Nella sua breve carriera, da maggiore a generale, il Piccolomini di Coccorito si era trovato parecchie volte in simili contingenze, e però ci aveva fatto la mano.

Alla lettura, del bigliettino di Fanny, il giovane Trebeschi era diventato pallido; pure non indietreggiò: coraggio e avanti. Ma, lungo la strada, mentre si recava dai Richard, pensava, con desiderio, al porto di Genova; lo vedeva inondato di sole, mentre Milano era piena di nebbia, e quasi si arrabbiava anche contro sua madre, così furba di solito, e questa volta «tanto oca, da non capire il trucco.».

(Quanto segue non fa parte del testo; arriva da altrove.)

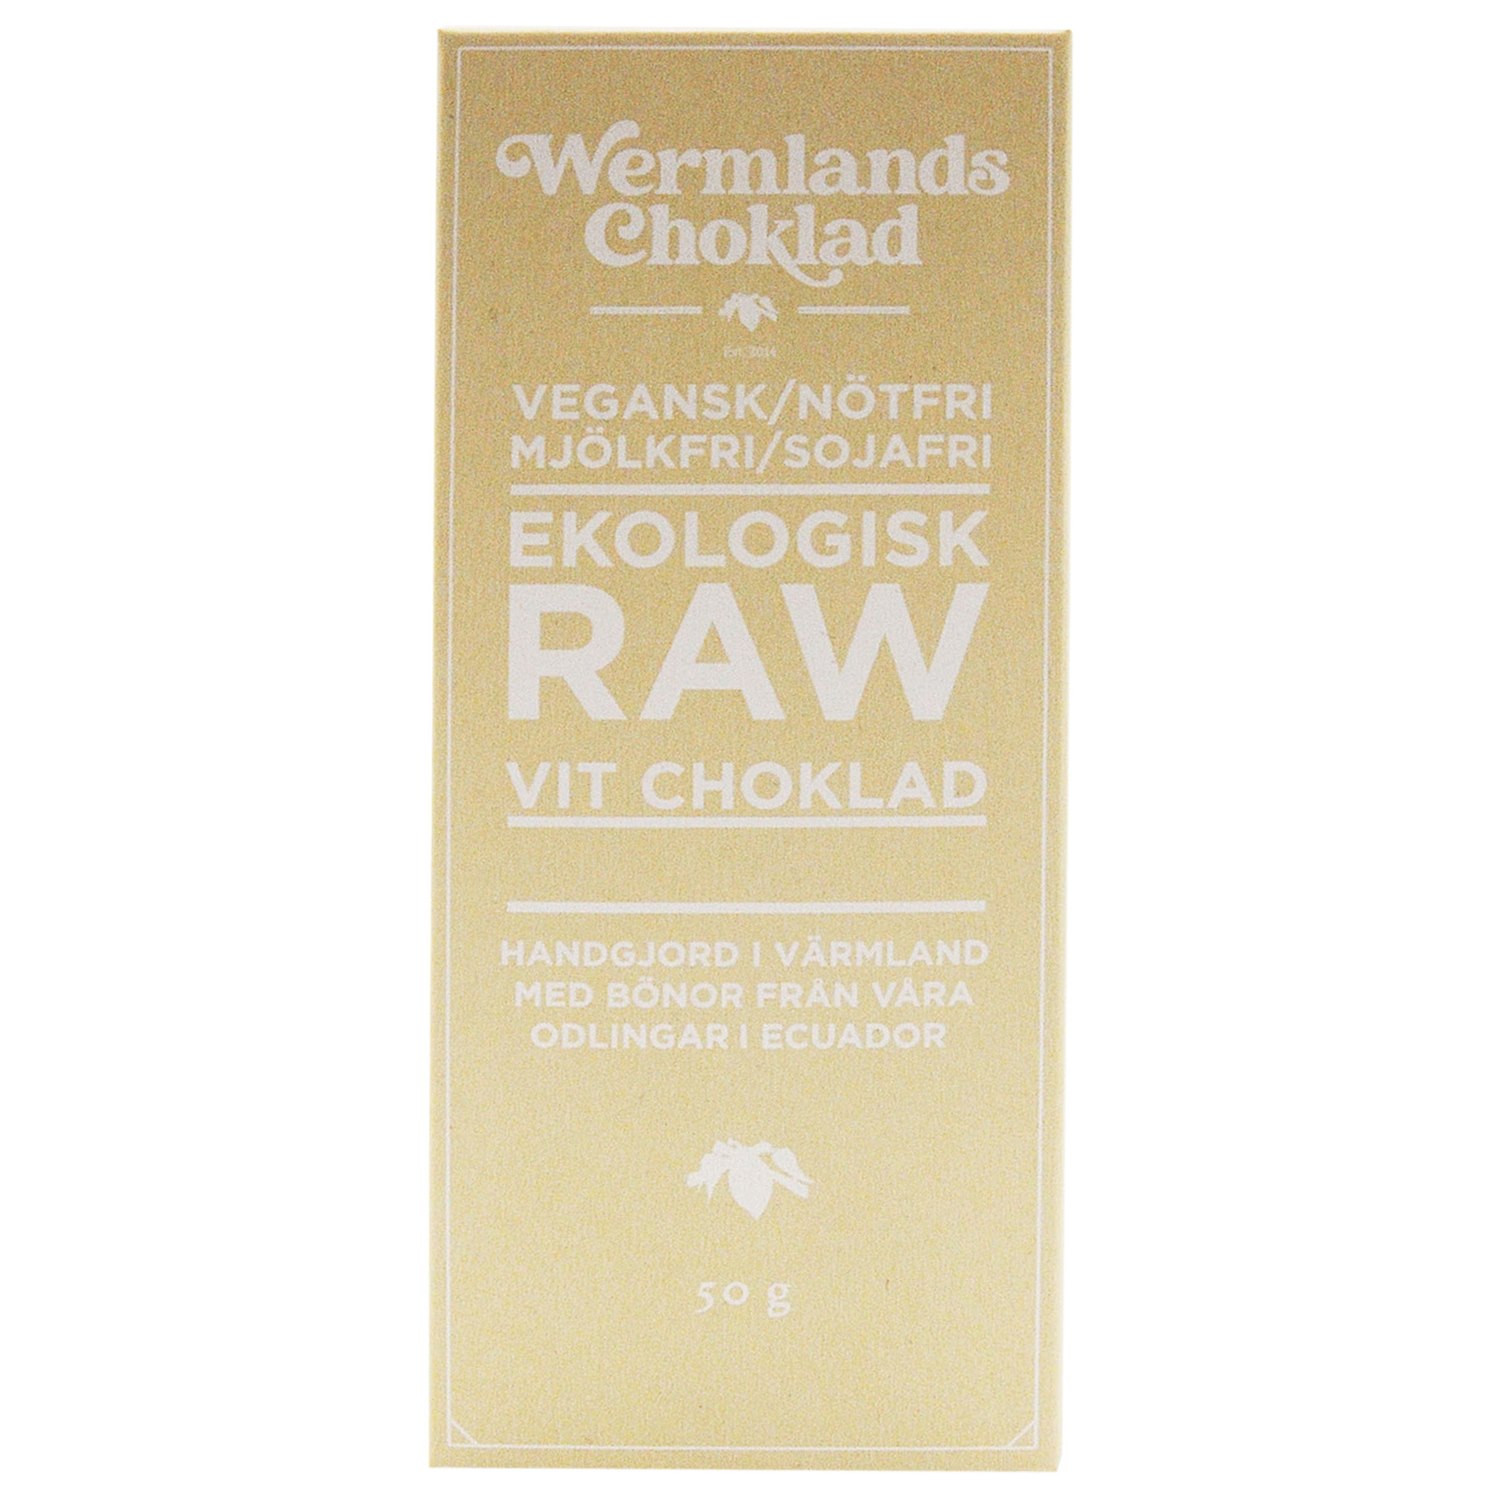 WermlandsChoklad Ekologisk Rawchoklad Vit, 50 g

Quando Giacomino entrò in camera della Fanny, la ragazza, ancora in sottanino e colle spalle nude, si stava vestendo; e intanto riscaldava il caffè, ravviava la sua roba, assestava la sua camera, tutte cose che la mattina faceva a comodo, un po' l'una, un po' l'altra, fra l'andirivieni della gente da teatro, fumando un monte di sigarette e leticando col fratello.

Il Richard dormiva fuori, coi cavalli, ma la mattina veniva a casa, per buttarsi qualche altra ora sul letto, e poi lavarsi e far colazione.

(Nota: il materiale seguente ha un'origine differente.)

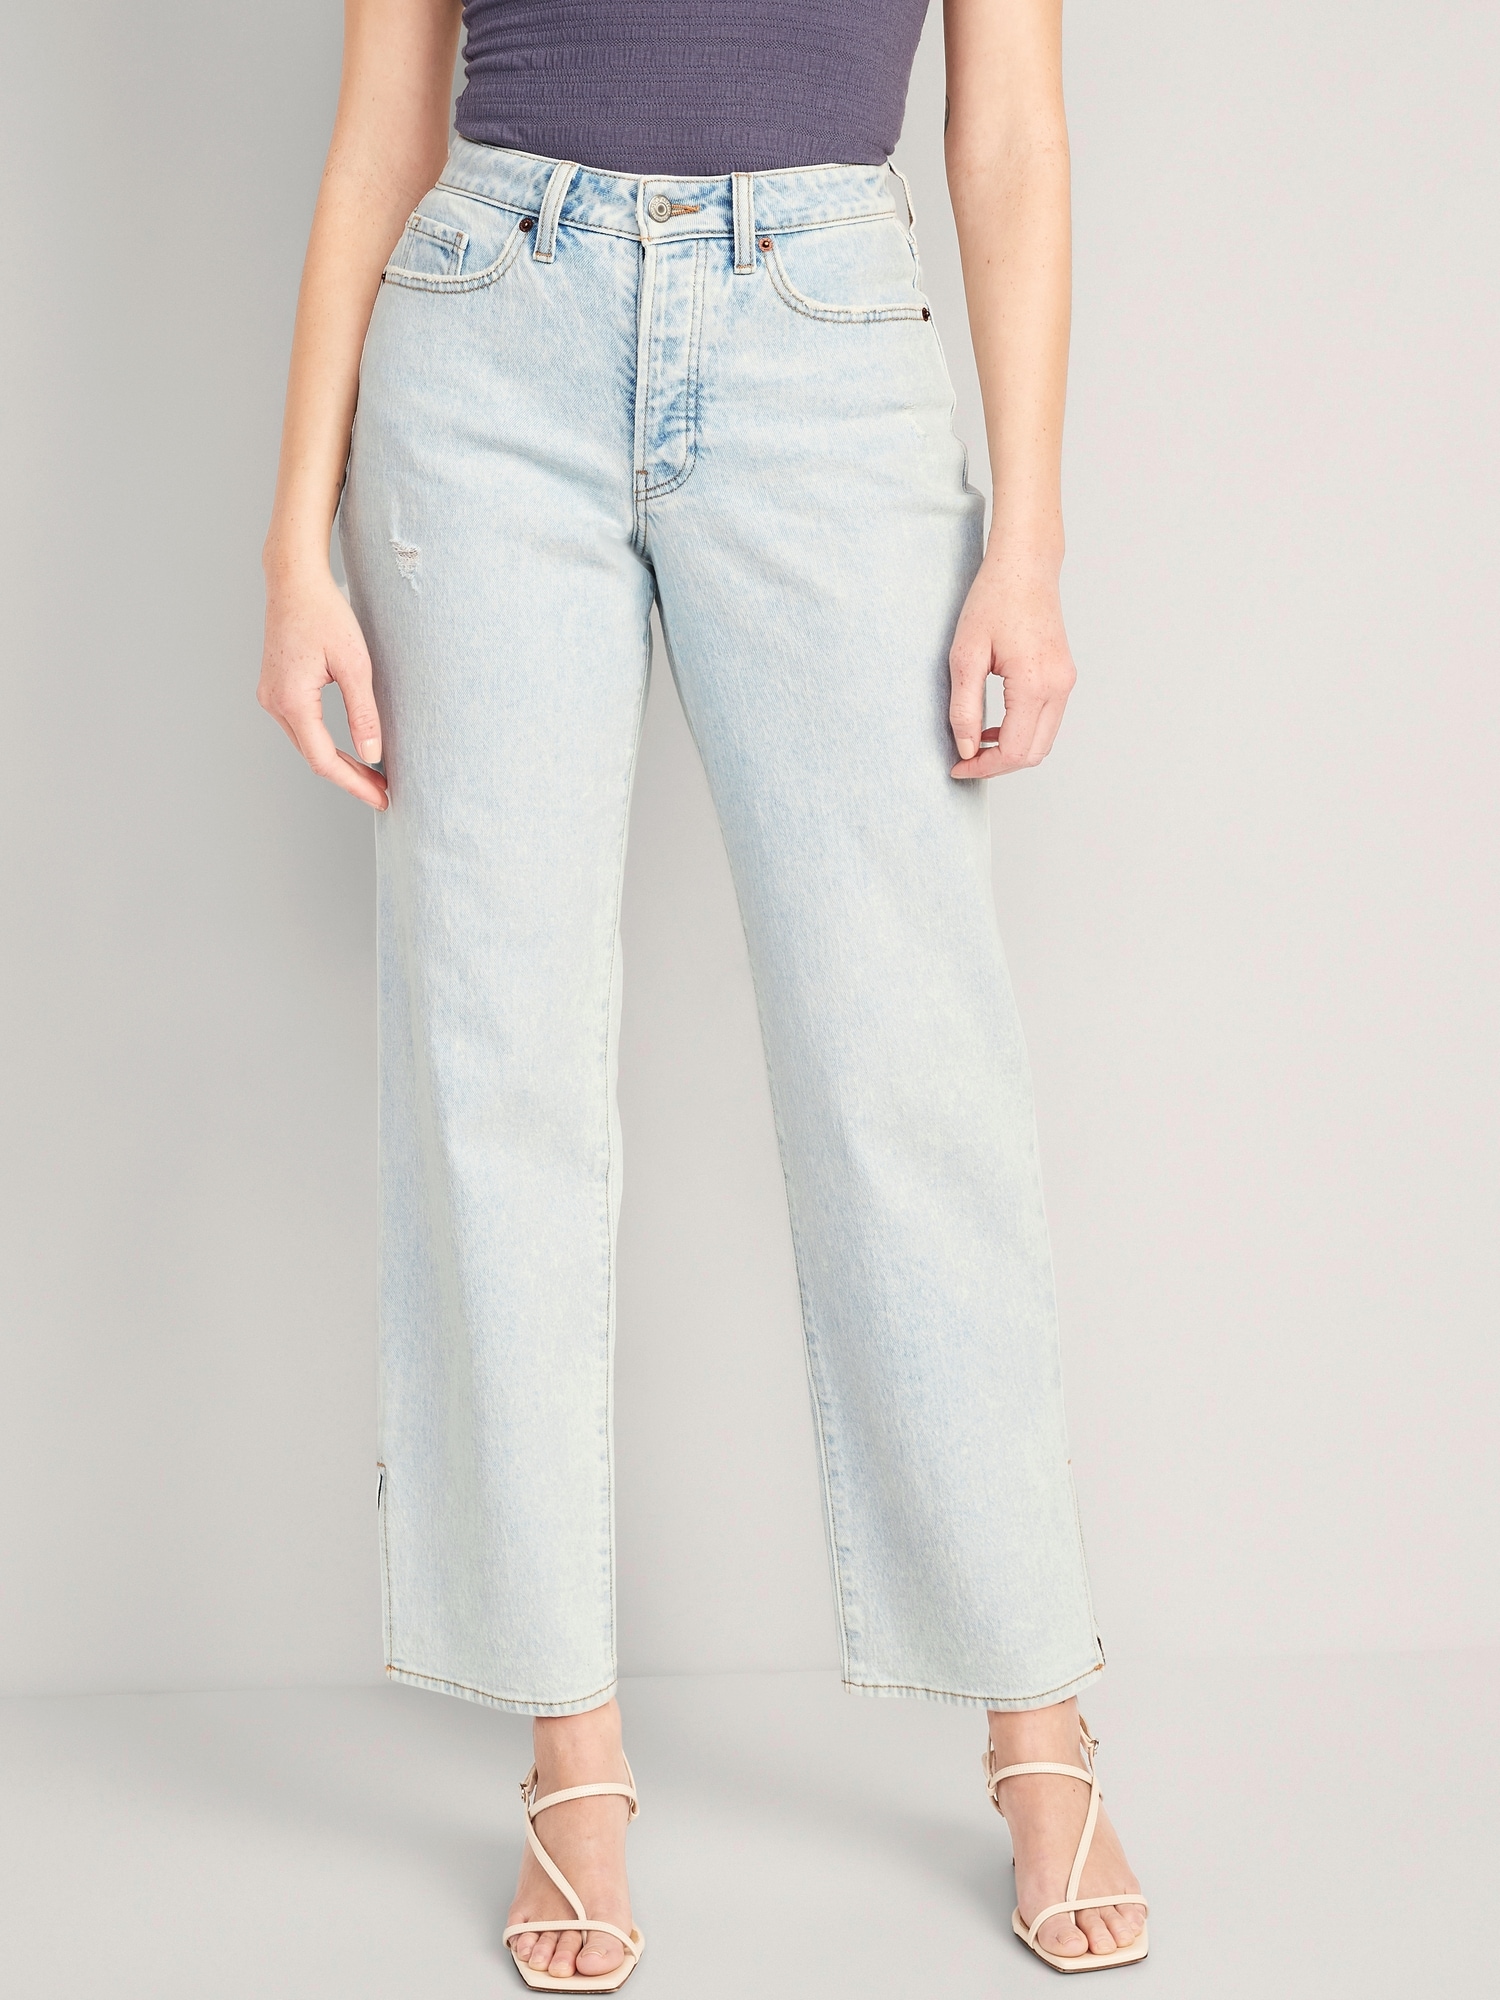 Curvy Button-Fly High-Waisted OG Loose Side-Split Jeans

Appena essa vide entrare Giacomino, l'amico del cuore, e mentre passava dallo specchio, dinanzi al quale si pettinava, al caminetto dove scaldava il caffè, rovesciava un sacco d'improperi, nel suo linguaggio internazionale, sul capo dell'antico protettore.

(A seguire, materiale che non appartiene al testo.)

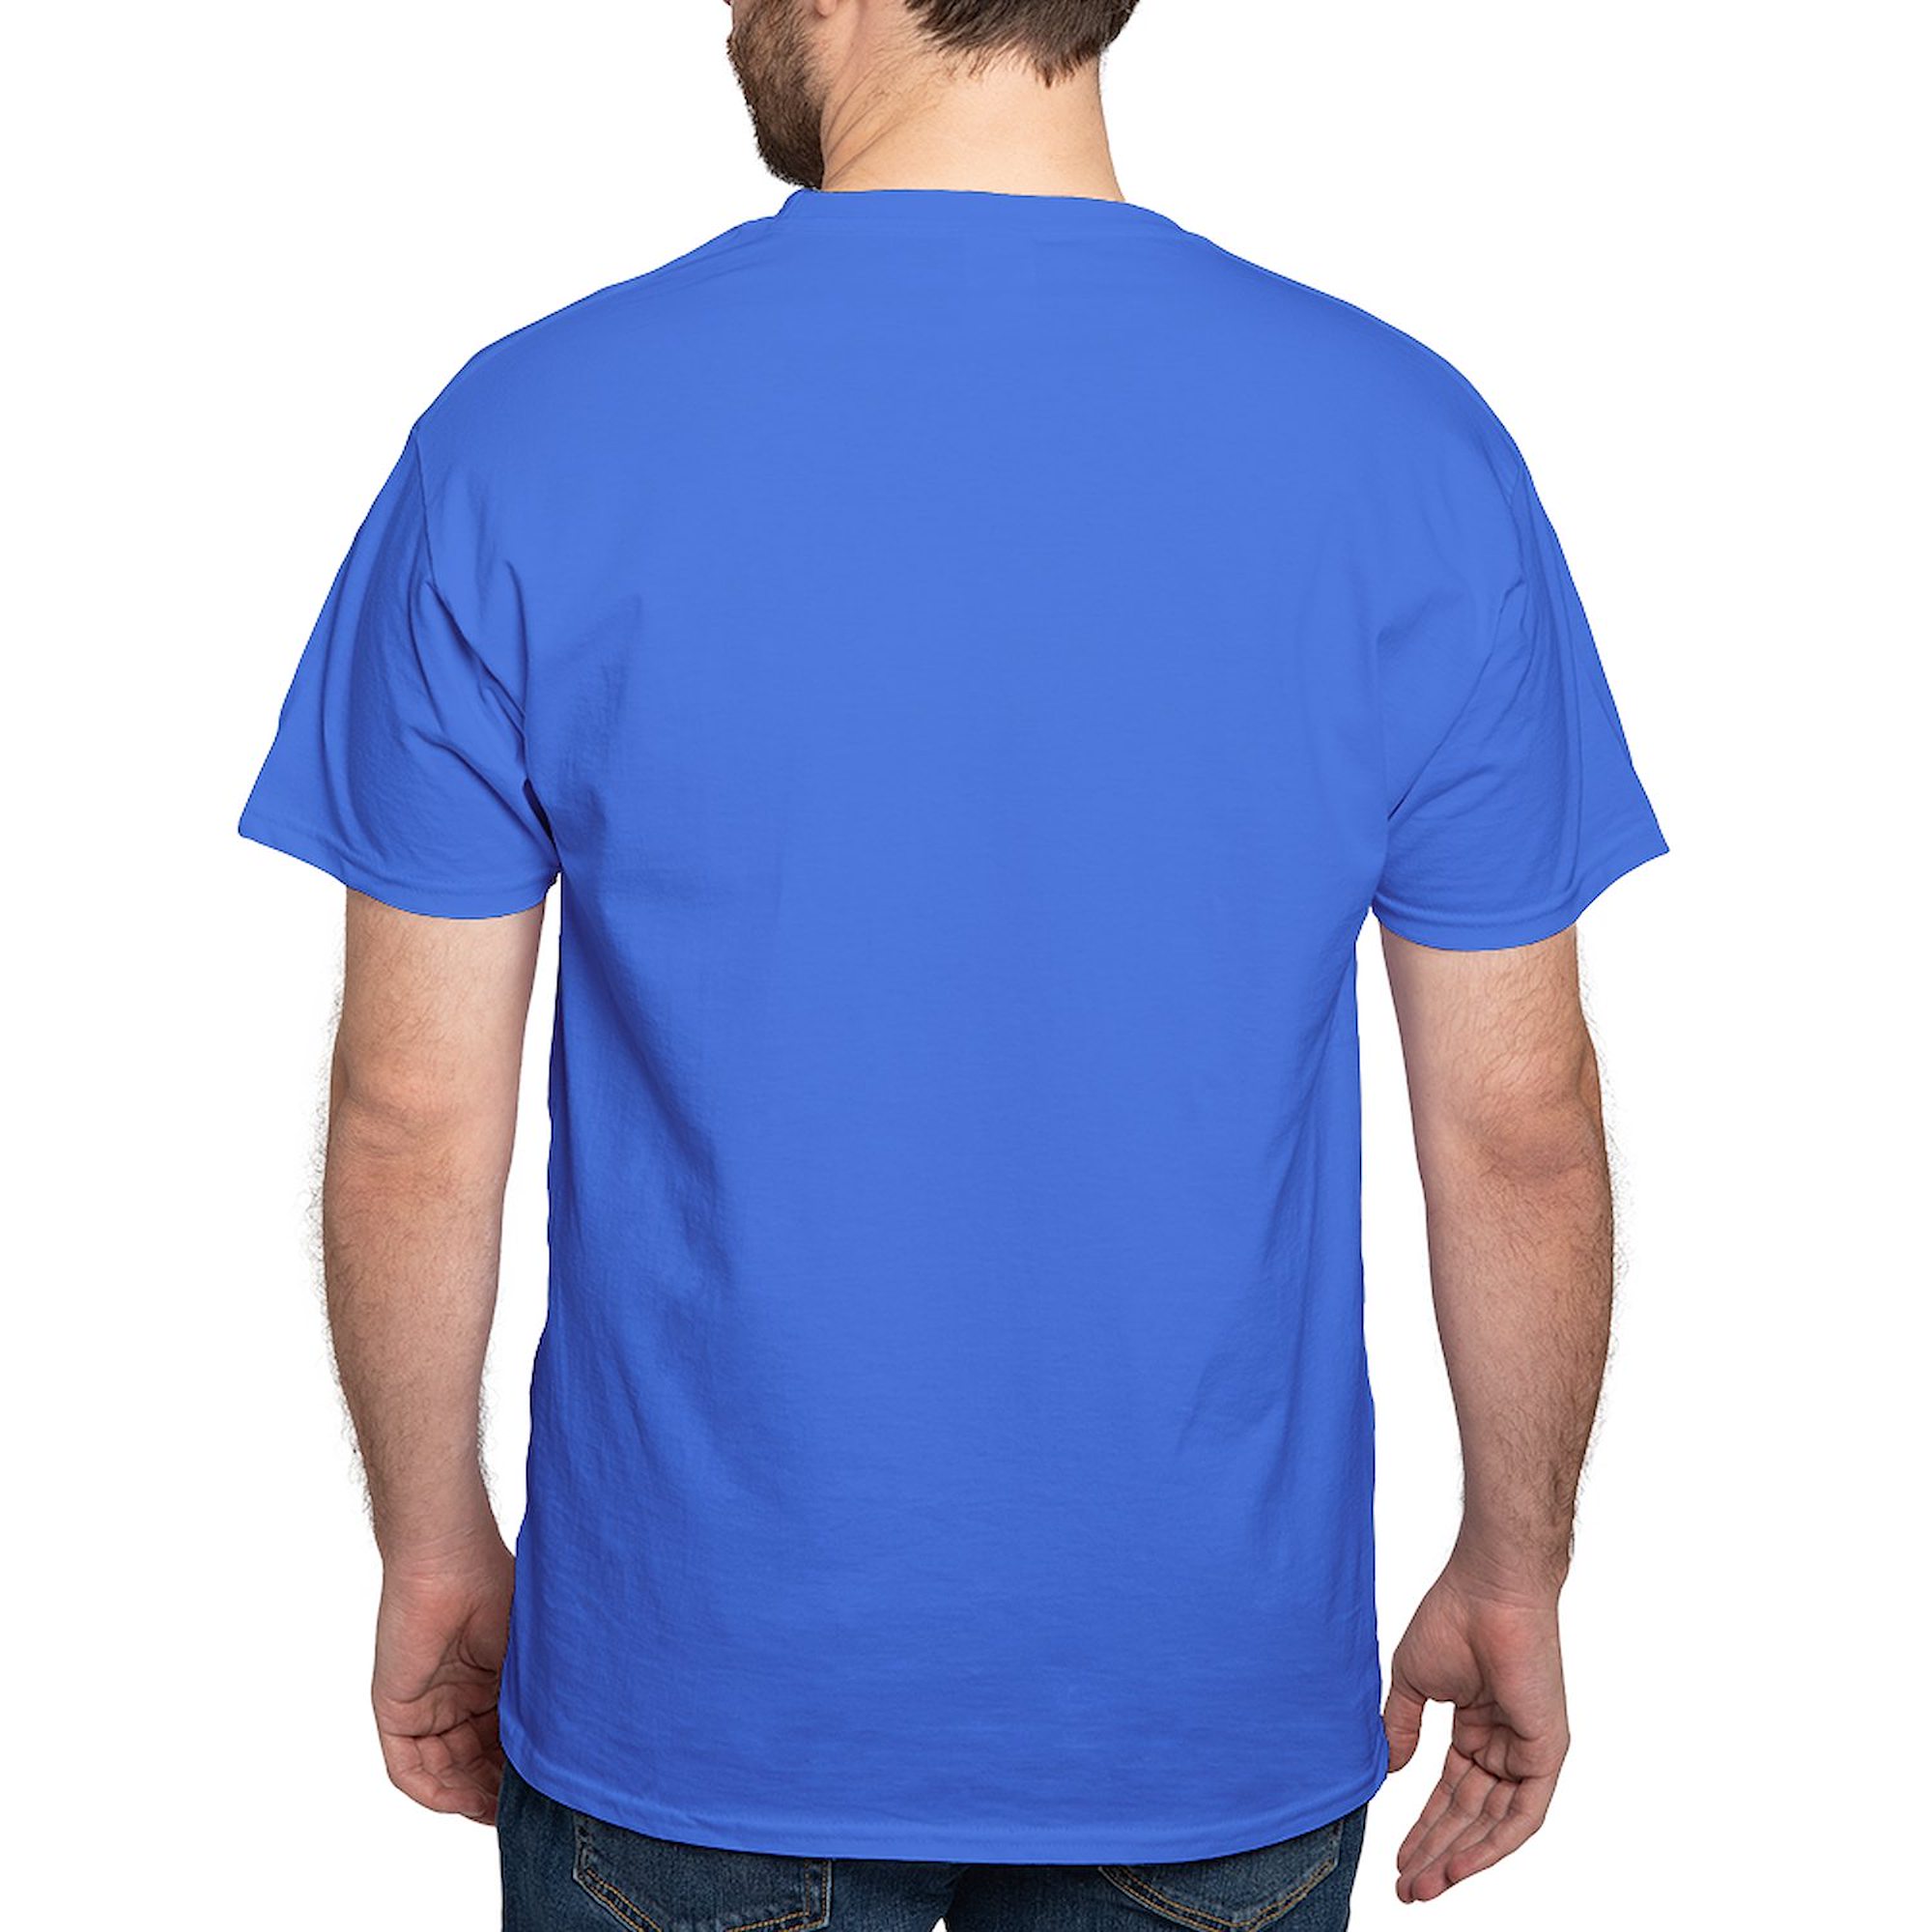 CafePress - Old School T Shirt - 100% Cotton T-Shirt - image 2 of 4

C'est une canaille, un filou!..—cominciò anche il fratello a gridare dall'altra camera, e monsieur Crispì, un pappagallo bianco, grosso, con una cresta gialla, che s'arrampicava su tutti i mobili, rosicchiandoli e insudiciandoli, nel sentir gridare a quel modo, cominciò a gridare più forte, come un'anima dannata:

Amourreux! Pauvre Amourreux! Cafè! Cafè! Cafè!

Fanny giurava di vendicarsi di quel miserabile troupier; aveva dei molti buoni amici, dappertuto in Italia, ed anche a Roma, molto in alto.

—A Roma, come a Parigi! Come a Pietroburgo! Come a Berlino!—urlava il fratello.

Giacomo, colle orecchie intronate, si chinò per sedersi sopra una poltroncina che la ragazza gli aveva spinta dinanzi col piede; ma di colpo si rialzò; la poltroncina, sgangherata, cascava da una parte; e lui andò a mettersi sul letto non ancora rifatto, ma un brontolìo ringhioso, di sotto alle coperte, lo fece allontanare: era il vecchio bulldogh dei Richard che mordeva e che l'aveva con lui particolarmente.